Kotak Research estimates net store additions at 20 in Q1FY26, with Metro and Mochi accounting for 8 each, and the rest coming from Crocs India and Walkway. The overall store count is likely to rise 8.3 per cent, while average revenue per store may edge up by 2 per cent, though an early monsoon and Eid could dampen footfall.
In contrast, value-focused brands like Relaxo Footwears and Bata India, despite a favourable base, reported revenue declines of 1–7 per cent in Q4FY25. With demand in the value segment still muted, those trends are expected to continue into Q1FY26. Bata is projected to grow by just 2 per cent.
Margins are expected to improve for Metro as well. After a 350 basis-point (bps) expansion in Q4FY25, its Q1FY26 margins could rise by 90 bps Y-o-Y and 151 bps sequentially, aided by operating leverage. Campus Shoes reported flat margins in Q4FY25, while Bata and Relaxo saw a decline due to higher costs and weaker operating efficiency. All three are expected to report lower margins in Q1FY26 on a sequential basis.

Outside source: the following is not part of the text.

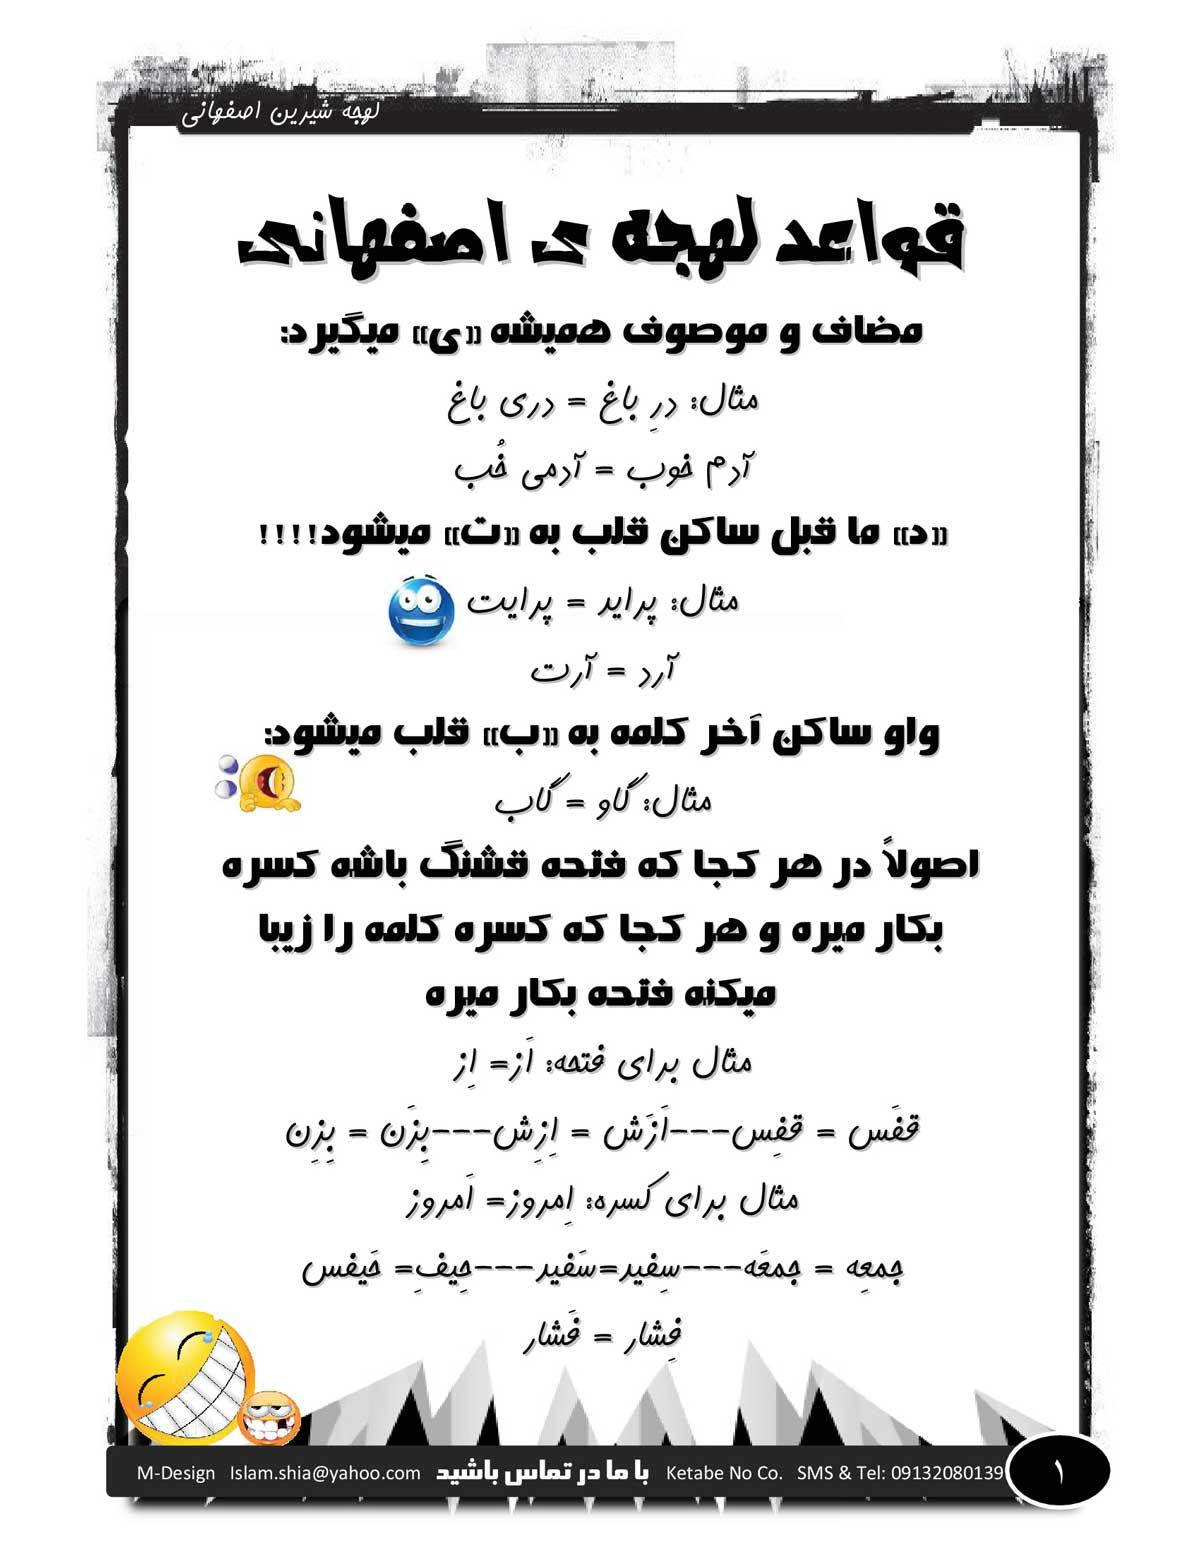 مطالب طنز اصفهانی بردهای فرهنگی مسعود مردیها
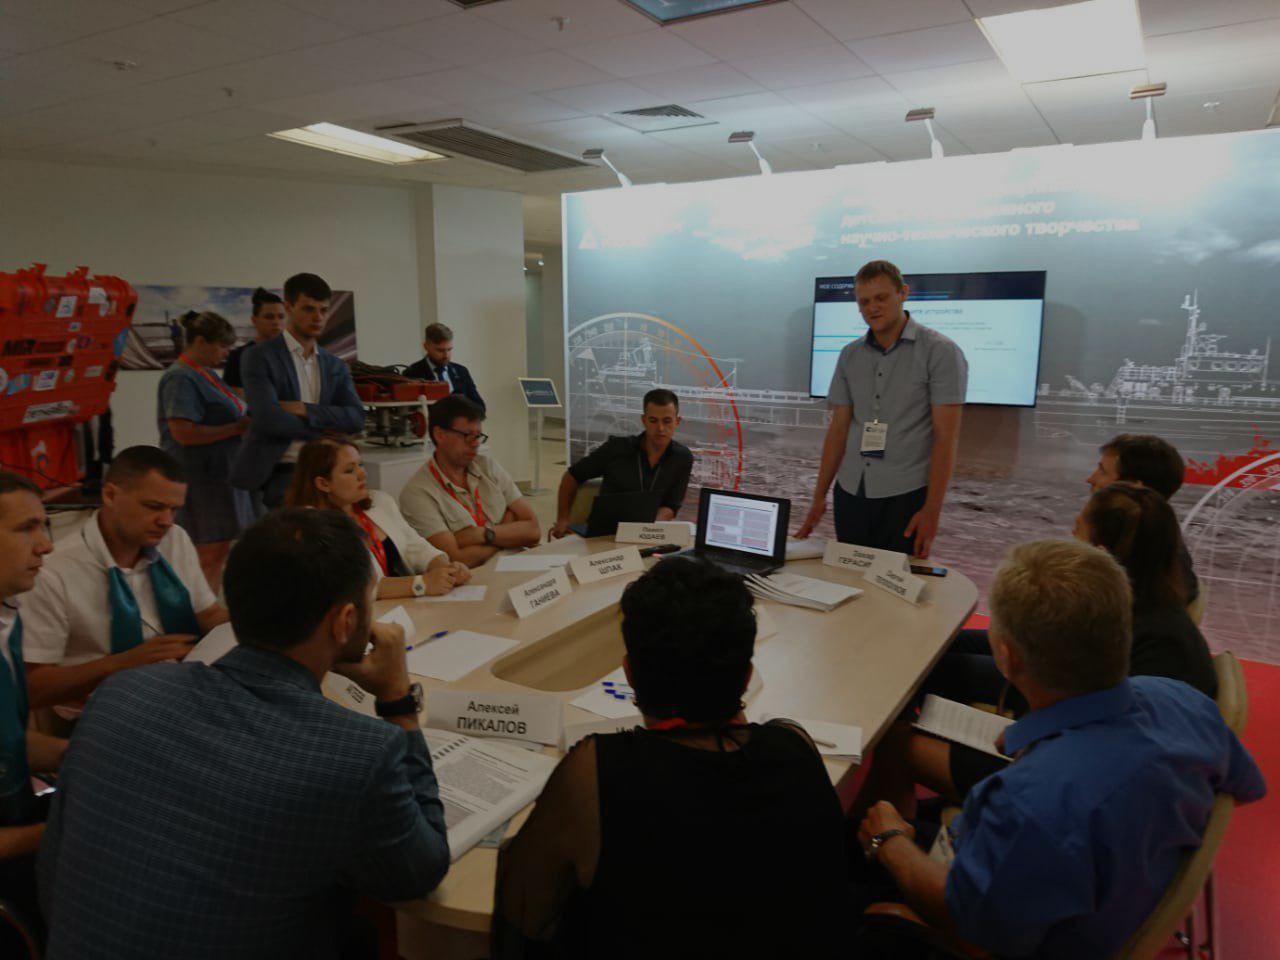 Стенд фестиваля «От Винта!» на Дальневосточном морском салоне стал главной площадкой для обсуждения молодежных технологических изобретений

Beyond its own brands — Metro, Mochi, and Walkway — the company is also leaning on third-party partnerships to widen its footprint. Alongside existing tie-ups with Fila and Foot Locker, it recently signed a long-term agreement with British brand C&J Clark International. The deal gives Metro exclusive distribution rights for Clarks across offline and digital channels in India and neighbouring countries.
Analysts at JM Financial, led by Gaurav Jogani, see the move as a natural extension of Metro’s premium lineup. The company already generates 88 per cent of its revenue from footwear priced above ₹1,500. JM has a ‘buy’ rating on the stock, with a price target of ₹1,400.
Emkay Research says Metro is closing gaps in its portfolio and strengthening its appeal as a platform for global brands. Analysts Devanshu Bansal and Mohit Dodeja say the Clarks partnership sharpens its position in the premium casual category. They note that Metro has clocked 15 per cent annual revenue growth over the past decade — and could exceed that pace in the years ahead. Its operating margins of 21–22 per cent, and its ability to convert 60 per cent of operating profit into cash flow, leave room for self-funded growth and shareholder payouts. Emkay also has a ‘buy’ rating with a ₹1,400 target.